This broadly equates to the Tien Shan Mountains (from Chinese ‘Divine or Celestial’ Mountains) of Central Asia, but includes a number of related uplands such as the Kirgizian Range, the Kungei Ala-Tau, the Transalai (Zaalai) Range, the Fergana Range, the Susamyr Tau, the Talassian Ala-Tauthe Kirgizian Mountains, the Talassian Altai (Mountains), Transilian (Zailiisky) Altai, Dzungarian Altai, the Tarbagatai Mountains, the Badghys, the Karabil Uplands, the Paropamisus Range, the Safod Koh Range, western Hindu Kush, the Koh-i-Baba Range and the Pamirs.

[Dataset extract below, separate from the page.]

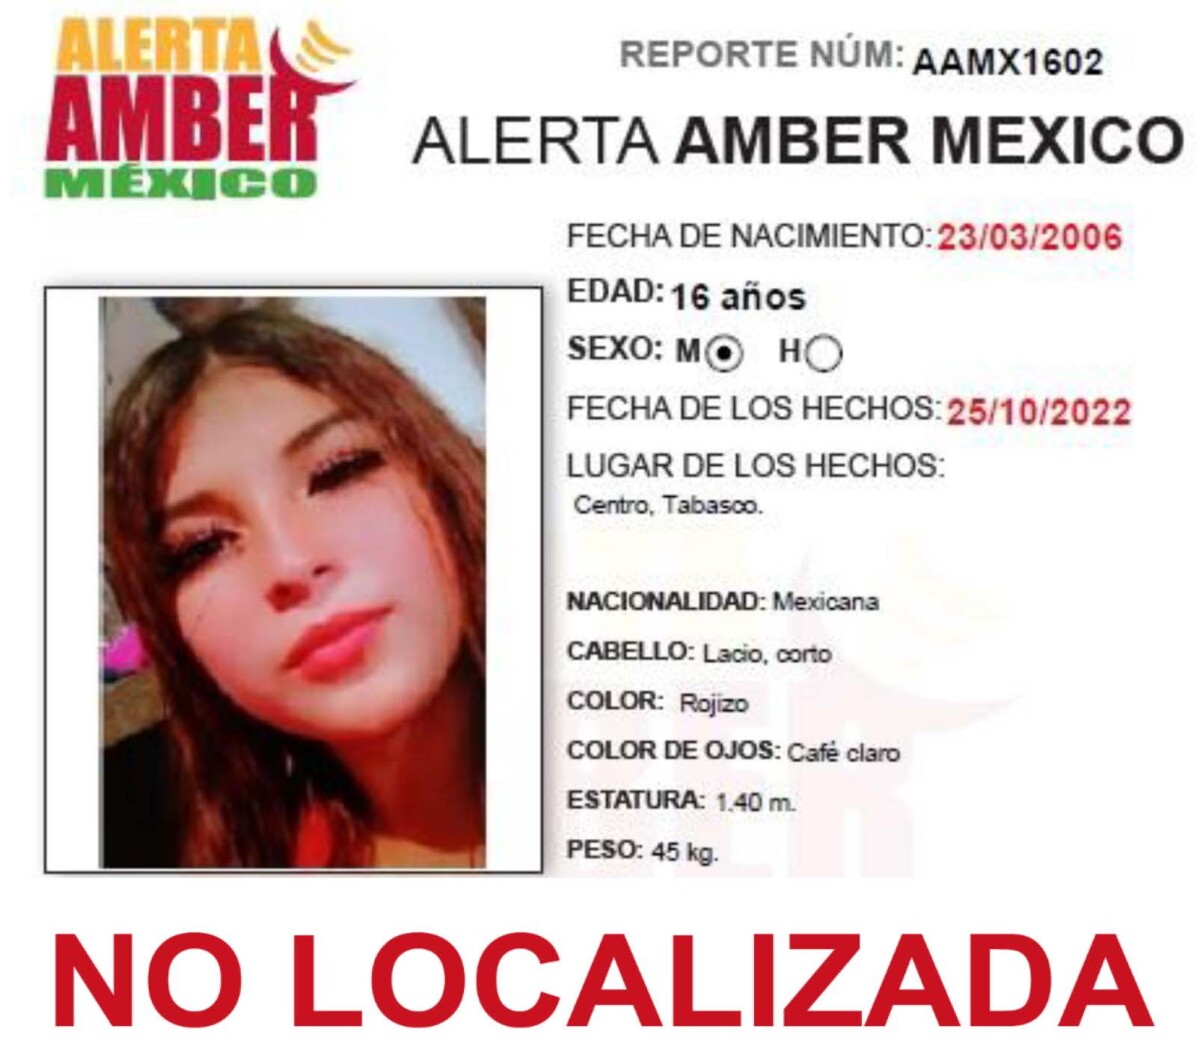 Alerta Amber Maria del Carmen

Dzungarian Saline Sandy Deserts

The most widespread vegetation of these sandy often-saline soils is characterized by Haloxylon ammodendron and H. persicum although the latter reaches its eastern limit in Dzungaria. Other typical species include Anabasis salsa, Ephedra przewalskii, Nanophyton erinaceum, Salsola arbuscula and the endemic Iljinia regelii (Chenopodiaceae). In the lowest part (Ebi Nor Basin) there are extensive solonchak (saline soils) and here Artemisia borotalensis and Ephedra przewalskii dominate, but further east on the Tertiary Plateaux there are many Mongolian elements. In the saline depressions tamarisks and the Mongolian endemic Brachanthemum mongalicum (Asteraceae) are common together with Caragana leucophloea and Zygophyllum xanthoxylon, while in the more sandy areas species such as Atraphaxis compacta, Calligonum mongolicum and Hedysarum mongolicum predominate. Finally, in northern areas there are extensive areas characterized by Artemisia species such as A. gracilescens, A. schischkinii and A. terrae-albae var. massagetovii. Many of the endemic or near endemic species of this desert are associated with solonchak soils. Among these are the shrub Anabasis jaxartica (Chenopodiaceae).